Before addressing sovereign immunity we must be sure that we may properly do so before deciding whether the suit presents a case or controversy. Jurisdiction must be established before a federal court may proceed to any other question. Steel Co. v. Citizens for a Better Environment, 523 U.S. 83, 94-95, 118 S.Ct. 1003, 140 L.Ed.2d 210 (1998). But later cases make clear what was implicit in Steel Co.: There is an array of non-merits questions that we may decide in any order. Thus in Ruhrgas A.G. v. Marathon Oil Co., 526 U.S. 574, 119 S.Ct. 1563, 143 L.Ed.2d 760 (1999), the Court held that it may be perfectly proper for a court to resolve personal jurisdiction, which is waivable, without having first determined subject matter jurisdiction. “[Tjhere is no unyielding jurisdictional hierarchy.” Id. at-, 119 S.Ct. at 1567. And in In re Minister Papandreou, 139 F.3d 247, 255 (D.C.Cir.1998), we considered an immunity defense despite considerable doubts about the plaintiffs’ standing, saying that “a court that dismisses on other non-merits grounds ... makes no assumption of law-declaring power that violates the separation of powers principles.” Id. at 255.

Sovereign immunity questions clearly belong among the non-merits decisions that courts may address even where subject matter jurisdiction is uncertain. The Supreme Court has characterized the defense as jurisdictional, FDIC v. Meyer, 510 U.S. 471, 475, 114 S.Ct. 996, 127 L.Ed.2d 308 (1994), even while recognizing that it can be waived, id. See also Deaf Smith County Grain Processors, Inc. v.
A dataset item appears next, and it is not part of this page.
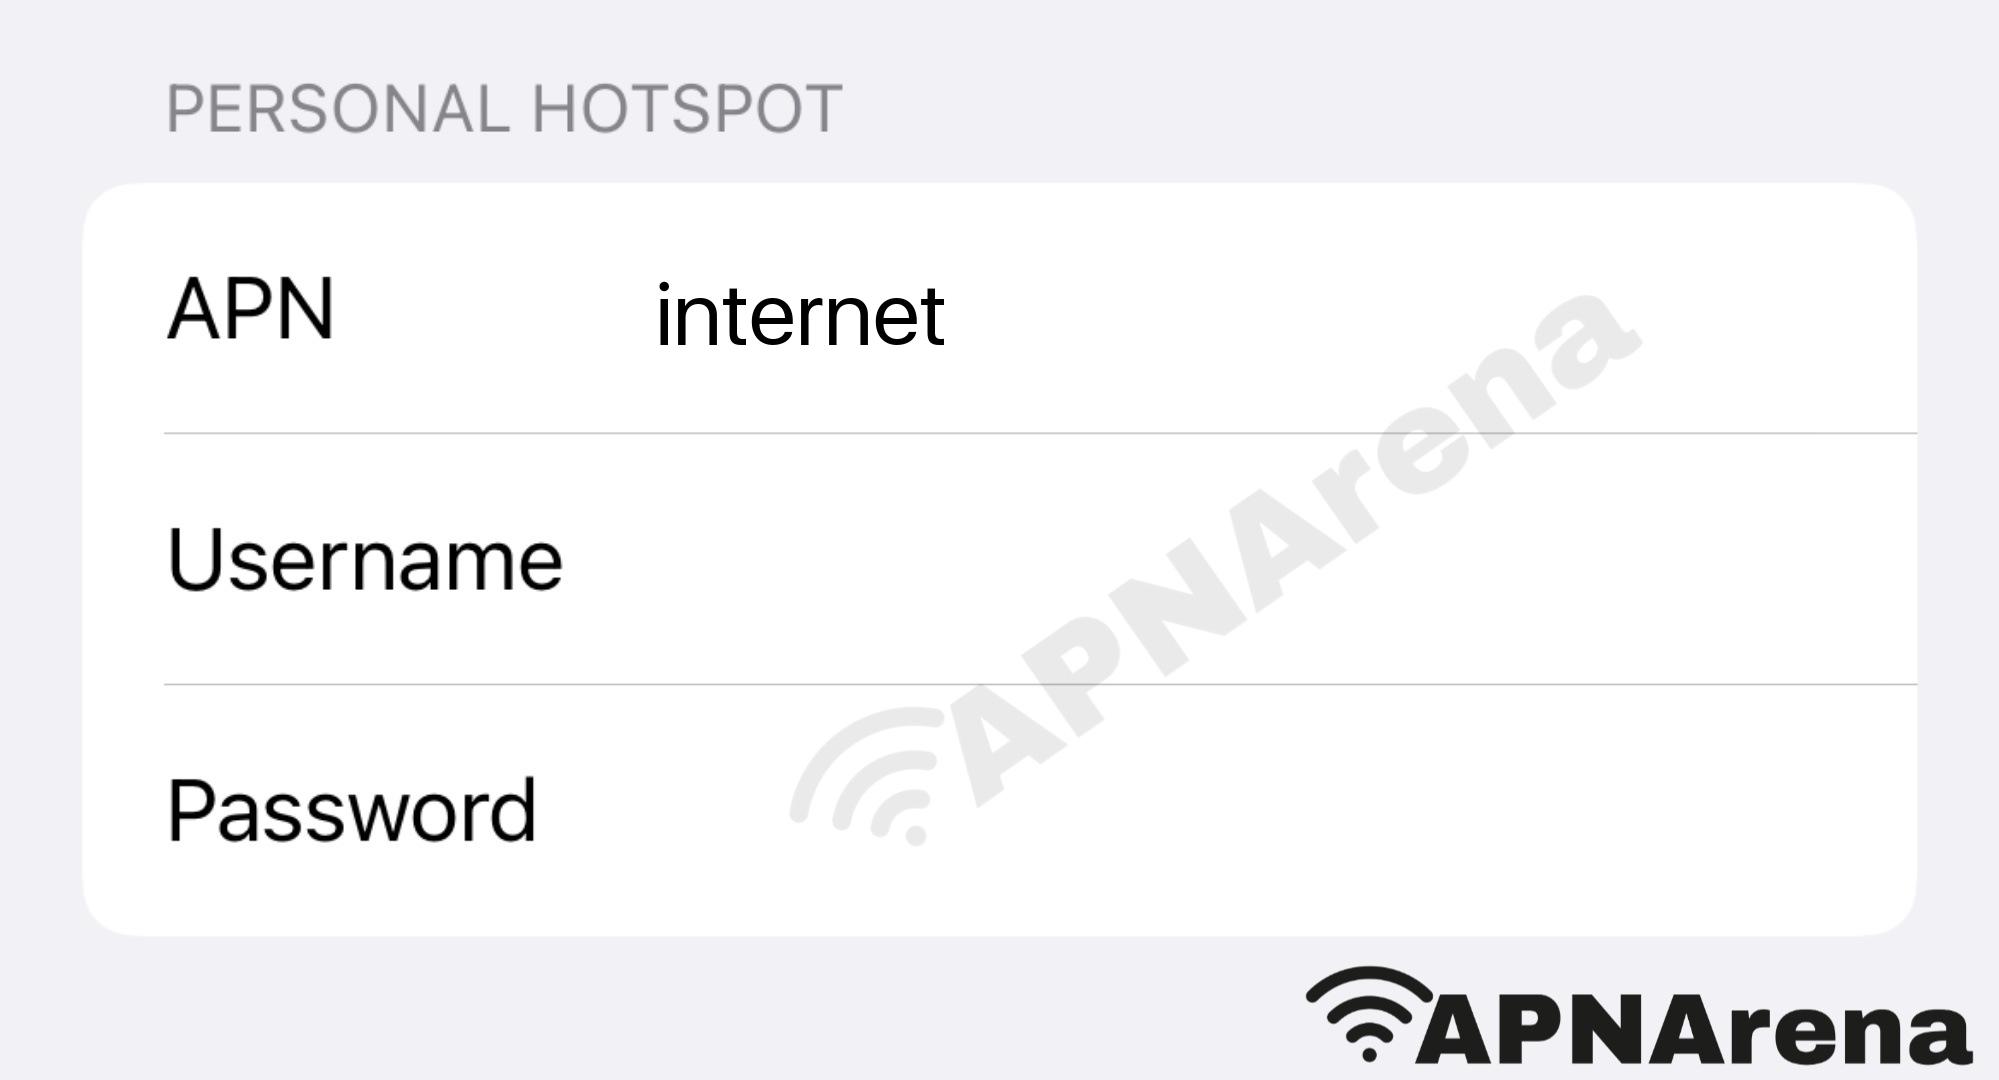 Coles Mobile Personal Hotspot Settings for iPhone

Glickman, 162 F.3d 1206 (D.C.Cir.1998); First Va. Bank v. Randolph, 110 F.3d 75, 77 (D.C.Cir.1997). And in Papandreou itself, we resolved the case on immunity grounds, despite the presence of a defense that we assumed arguendo was a matter of Article III standing. 139 F.3d at 255. Similarly, we here address sovereign immunity and do not reach justiciability.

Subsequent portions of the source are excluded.